How a Watch Works (1949) [video] - betolink
https://www.youtube.com/watch?v=TQd-0YXqmR0

======
tzs
I've never understood why these old instructional films so often seem much
better at getting things across and making them stick in my mind than more
modern material.

A couple other examples.

1\. A 1959 film from Bell Labs on wave behavior that made standing wave,
reflections, energy loss due to impedance mismatch, and impedance matching
much clearer than anything else I've seen: [1].

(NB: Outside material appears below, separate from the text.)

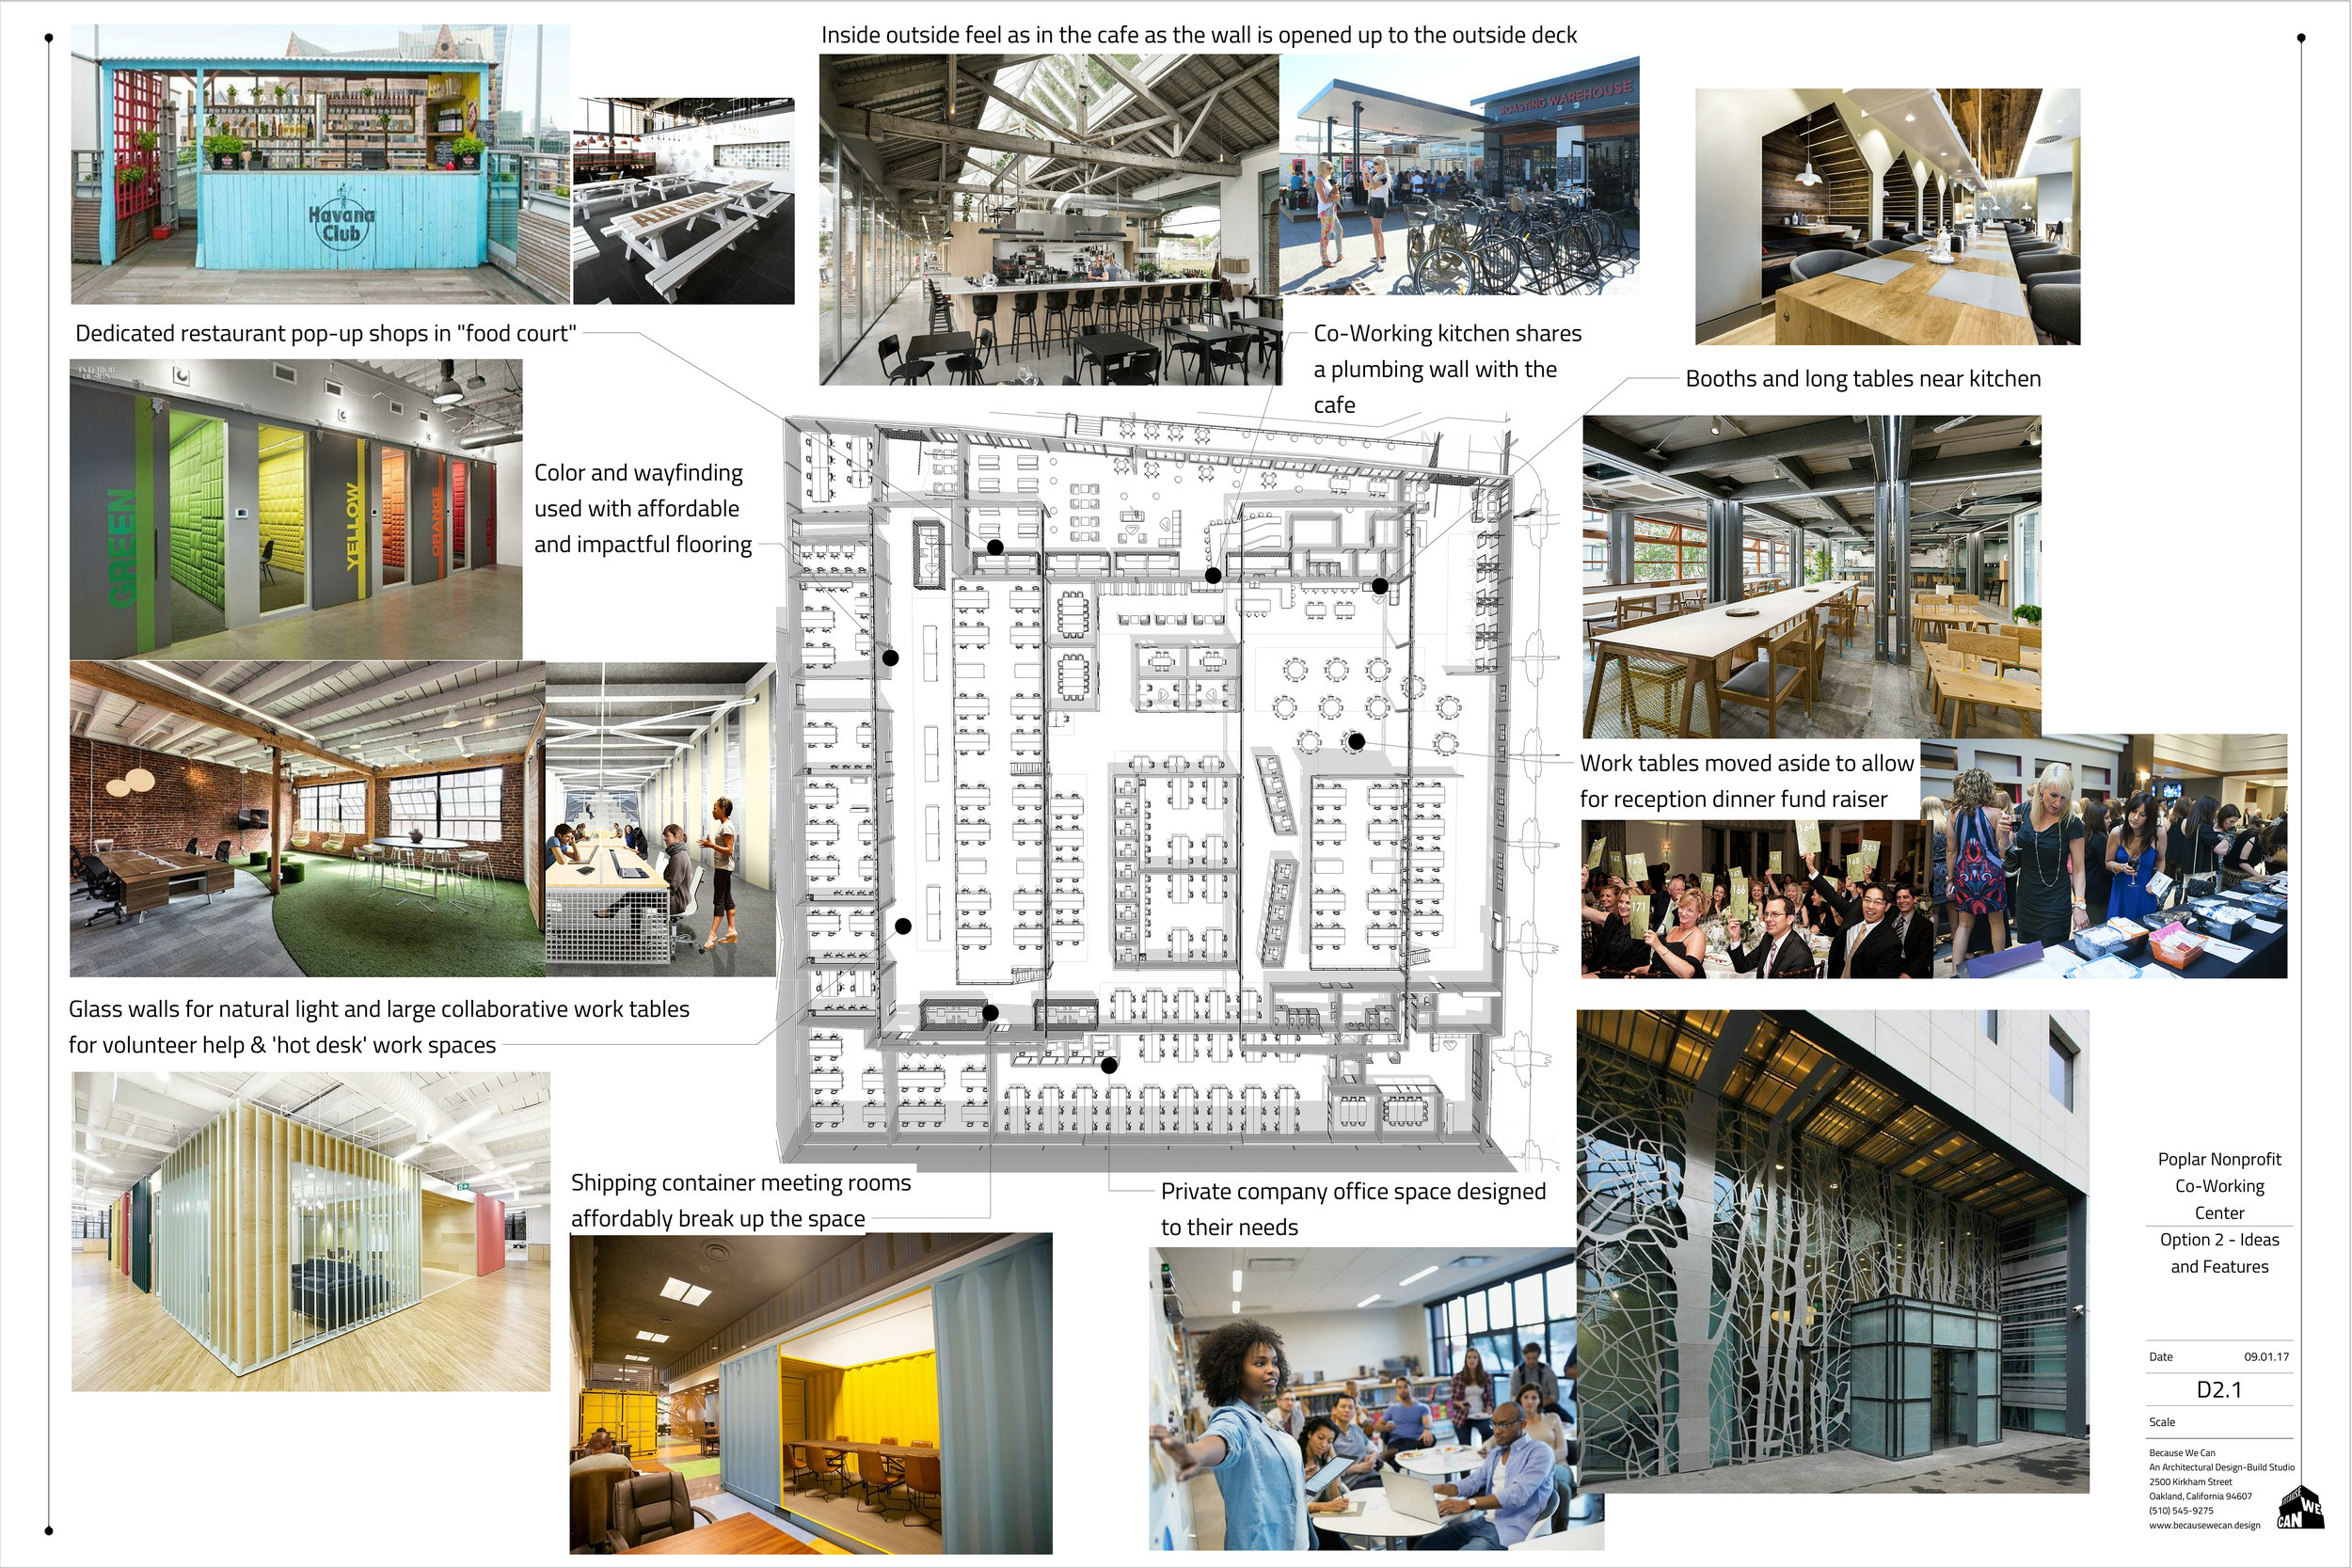  Floor plans and concept images to show a co-working office idea for this large industrial space. 
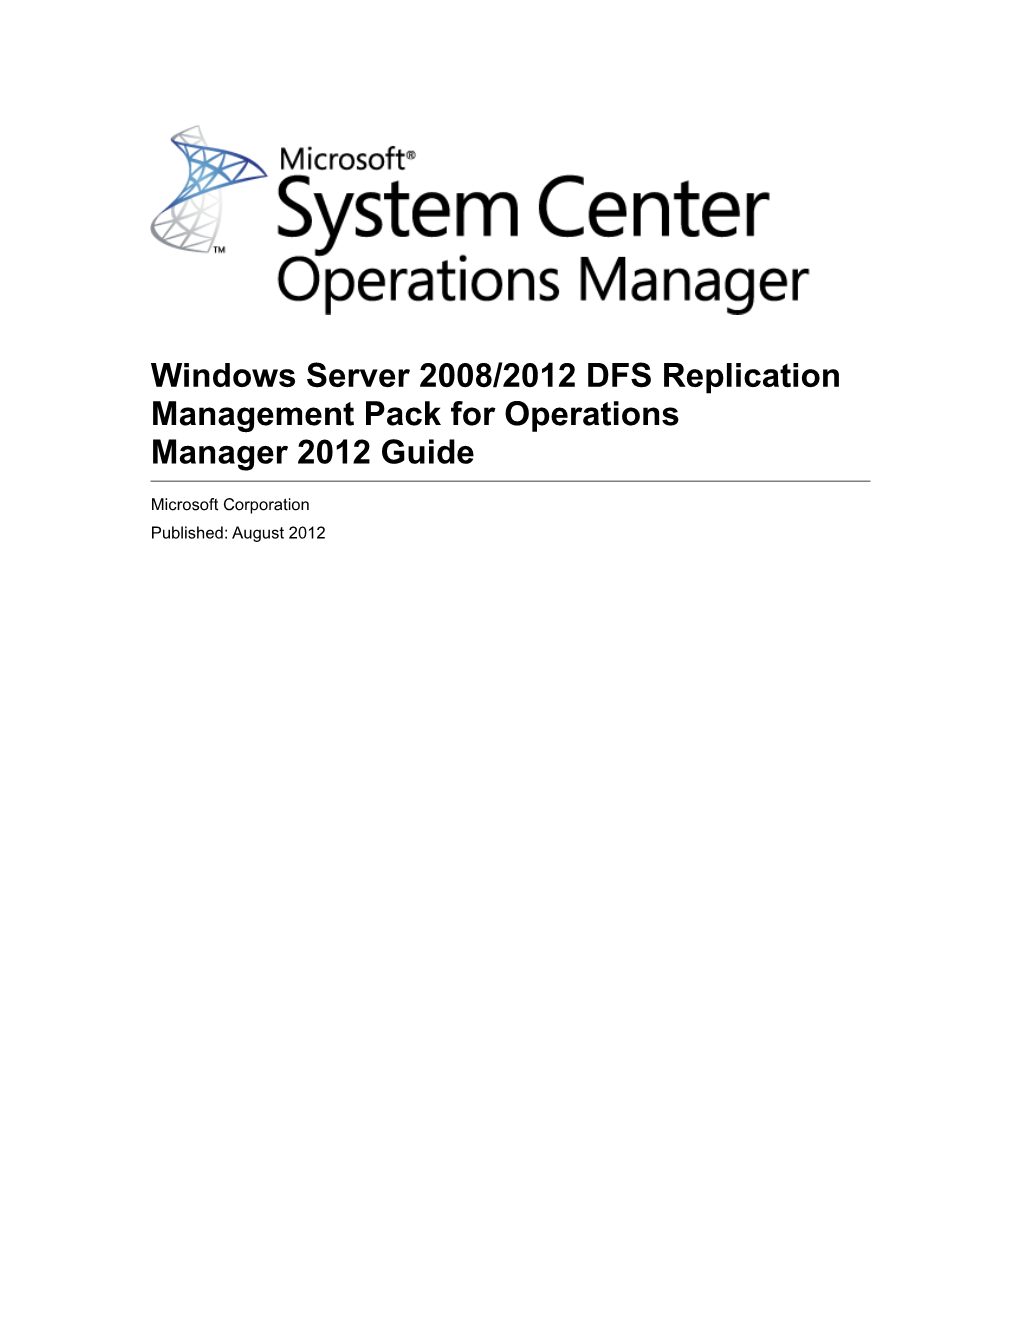 File Services Management Pack Guide for System Center Operations Manager 2007 s1

2\. A 1937 explanation of how the differential in a car works: [2]. Here is
another upload of that which is lower resolution, but has more from the same
source in the sidebar [3].

I suppose it could be something akin to survivorship bias that makes old
educational films seem so good--the bad ones don't get remembered 60 years
later.

[1]
[https://www.youtube.com/watch?v=DovunOxlY1k](https://www.youtube.com/watch?v=DovunOxlY1k)

[2]
[https://www.youtube.com/watch?v=K4JhruinbWc](https://www.youtube.com/watch?v=K4JhruinbWc)

[3]
[https://www.youtube.com/watch?v=yYAw79386WI](https://www.youtube.com/watch?v=yYAw79386WI)

------
Animats
This is spam. Someone copied an out of copyright industrial film from the
Internet Archive and "monetized" it on YouTube.[1]

The Internet Archive has a good selection of other Jam Handy films.
Recommended: "American Maker" and "Master Hands". There's also a long series
of Chevrolet-sponsored films on brakes, suspensions, differentials, engines,
and such.

[1]
[https://archive.org/details/HowaWatc1949](https://archive.org/details/HowaWatc1949)